BEGIN Given data
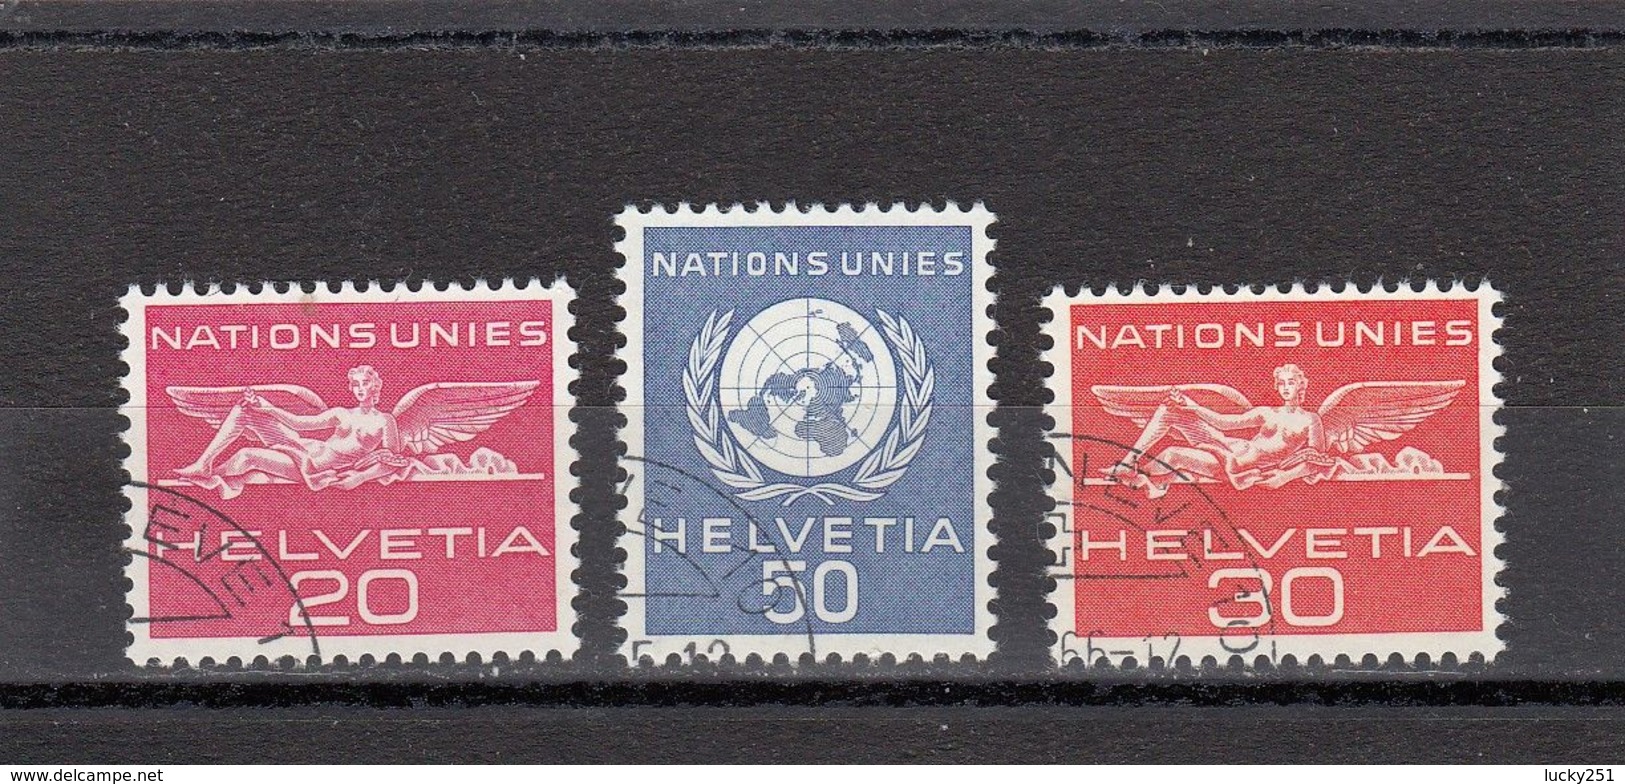 Suisse - Année 1959 - Service - Oblitéré - N°Zumstein 28/30 - ONU - Sujets Symboliques - Service
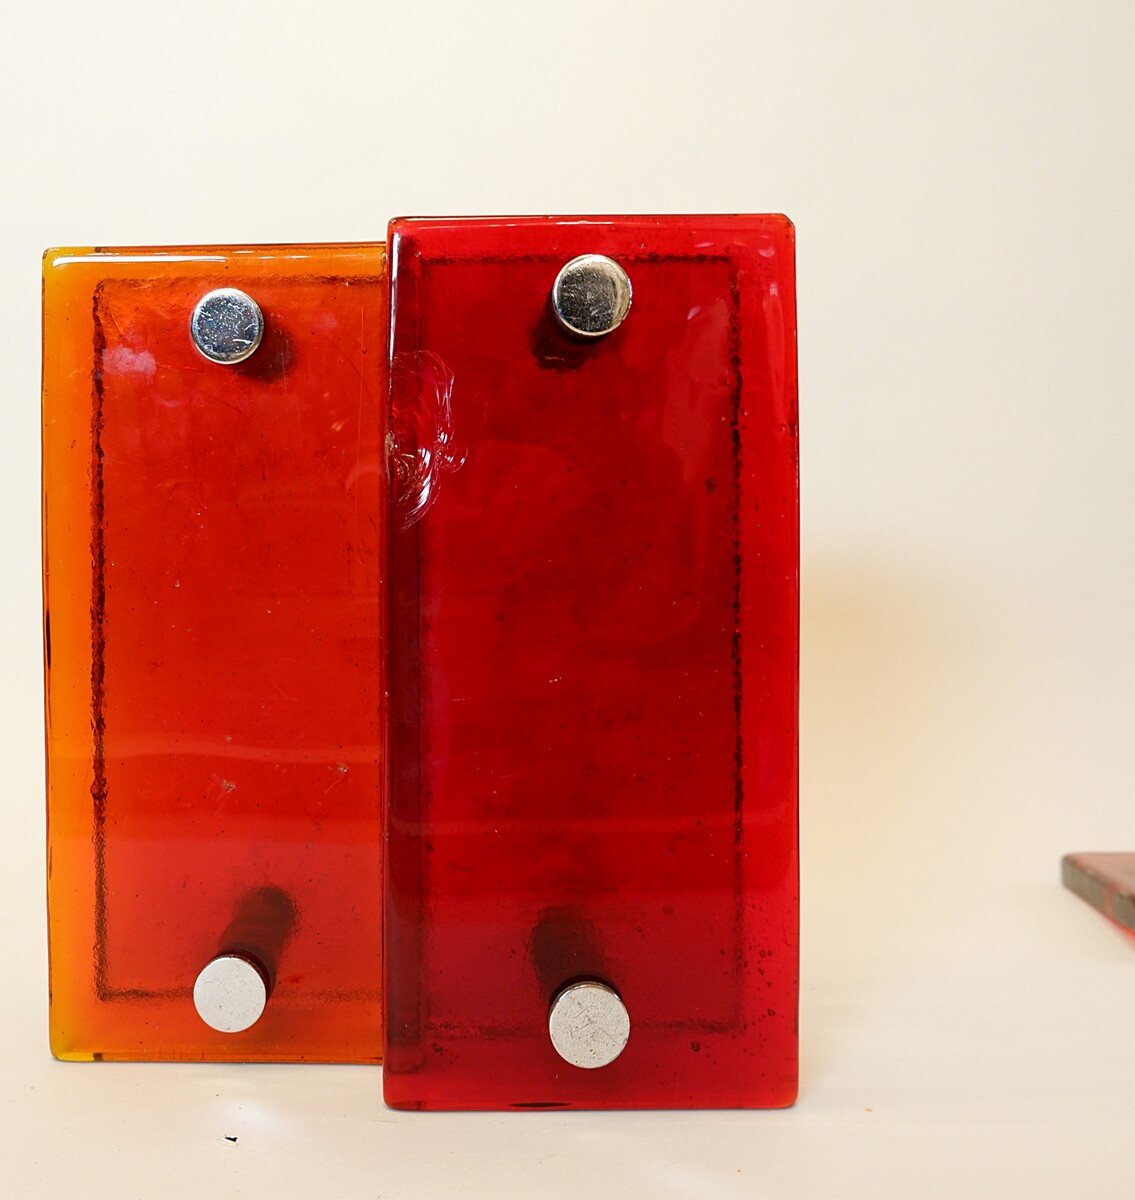 3 pairs of glass door handles - 2 orange / 1 red - 1960s 
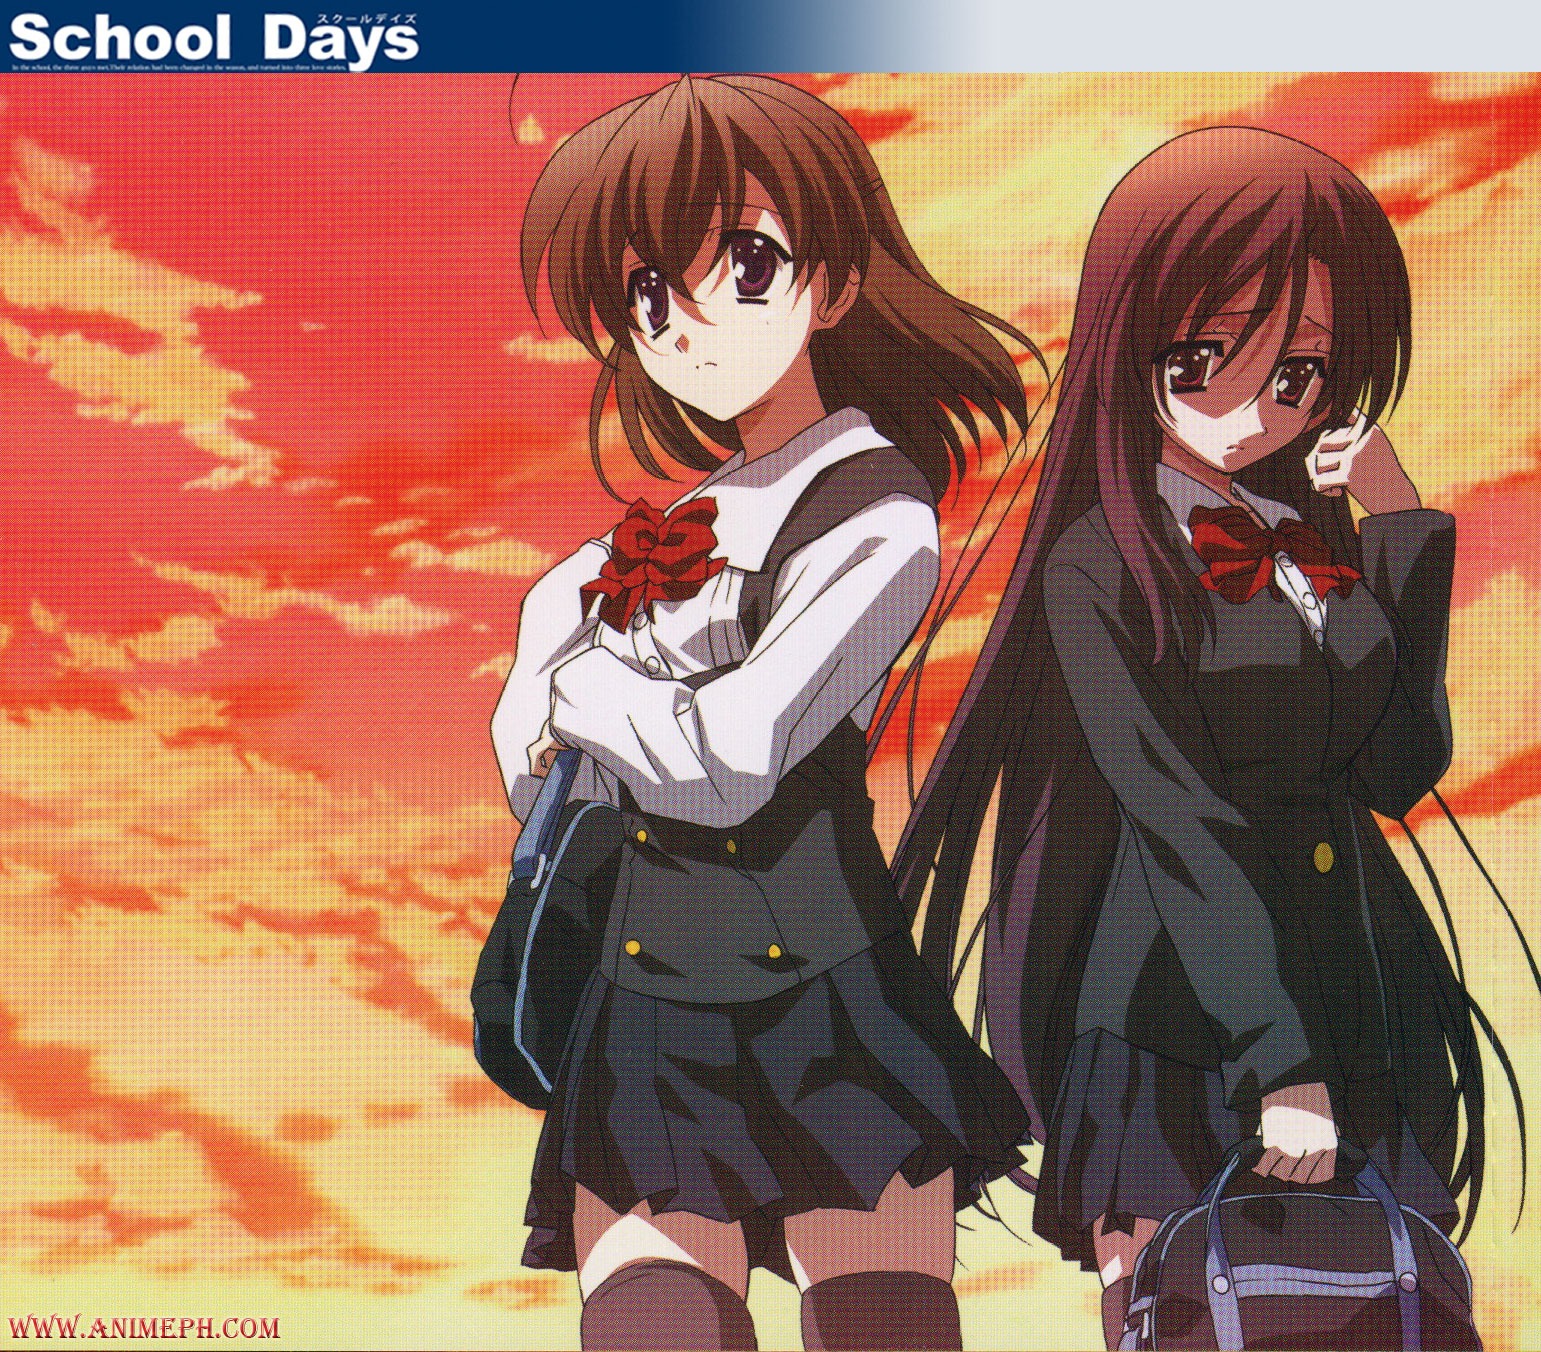 صور بنات انمى مدراسية  Wallpaper-school-days-anime
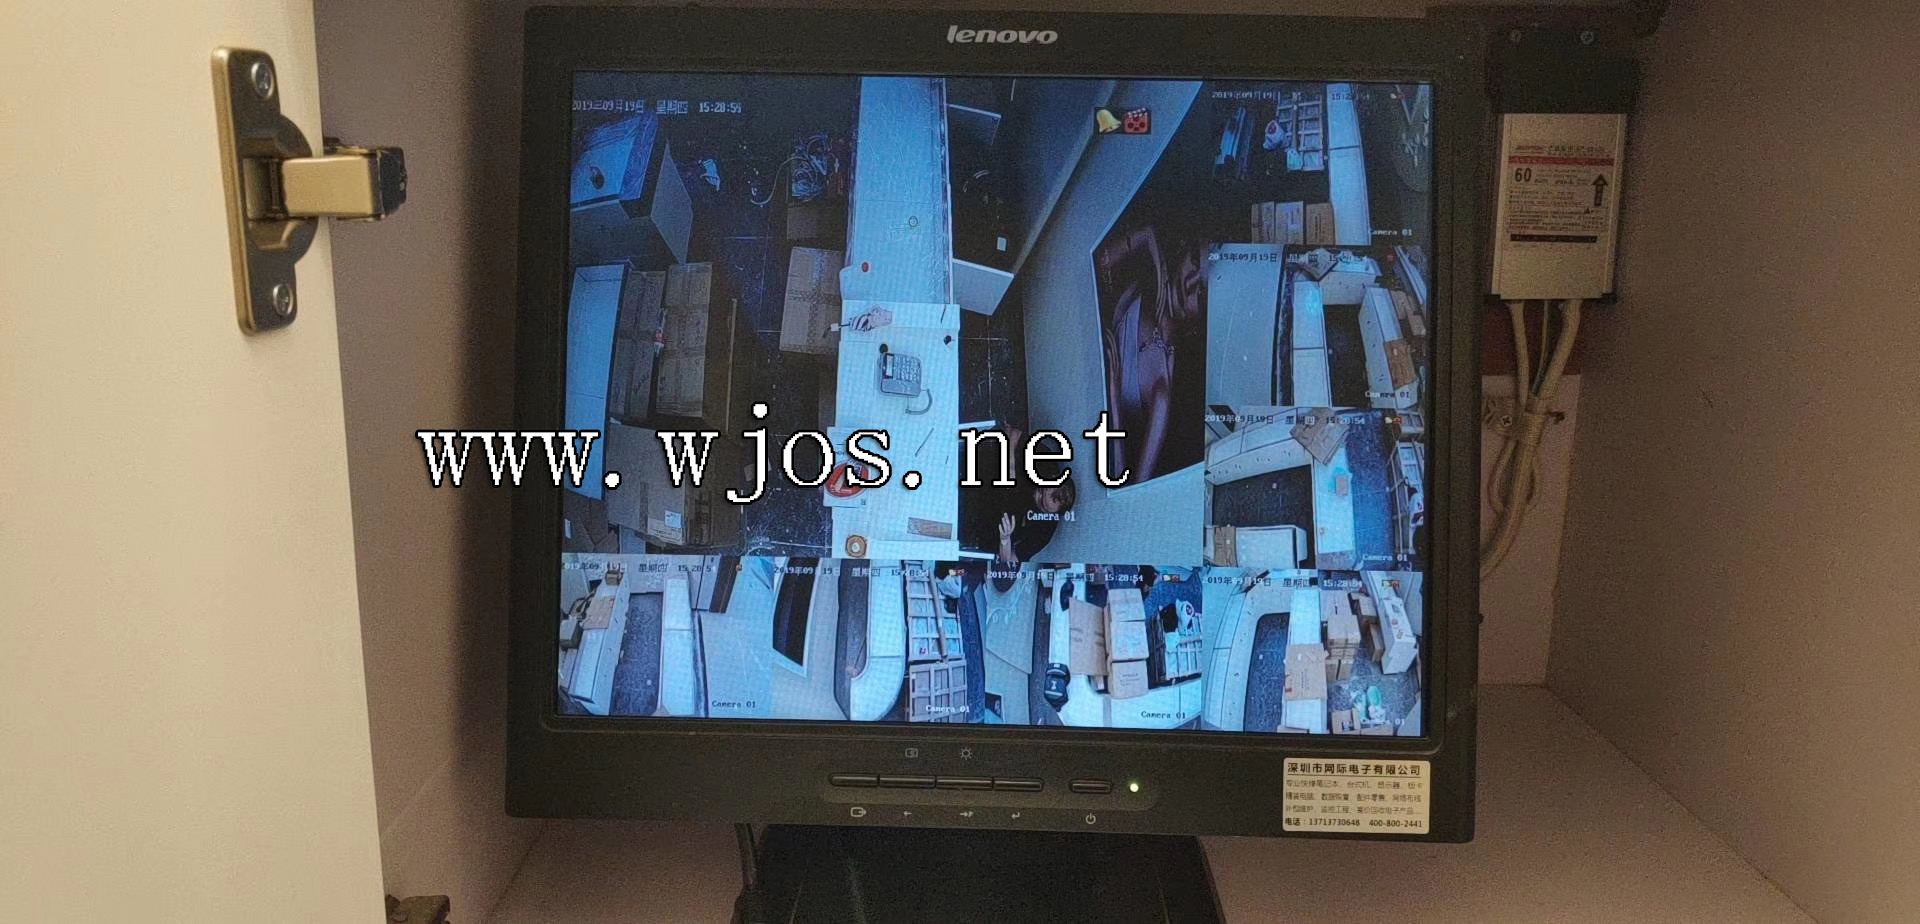 视频监控摄像头安装过程 在工业区内如何安装摄像头.jpg
END Given data
* [Your assignment]: With the pictures removed, write the listing out word for word.

* [Answer below]:
 Suisse - Année 1959 - Service - Oblitéré - N°Zumstein 28/30 - ONU - Sujets Symboliques - Service
 3 pairs of glass door handles - 2 orange / 1 red - 1960s 
 صور بنات انمى مدراسية  Wallpaper-school-days-anime
 视频监控摄像头安装过程 在工业区内如何安装摄像头.jpg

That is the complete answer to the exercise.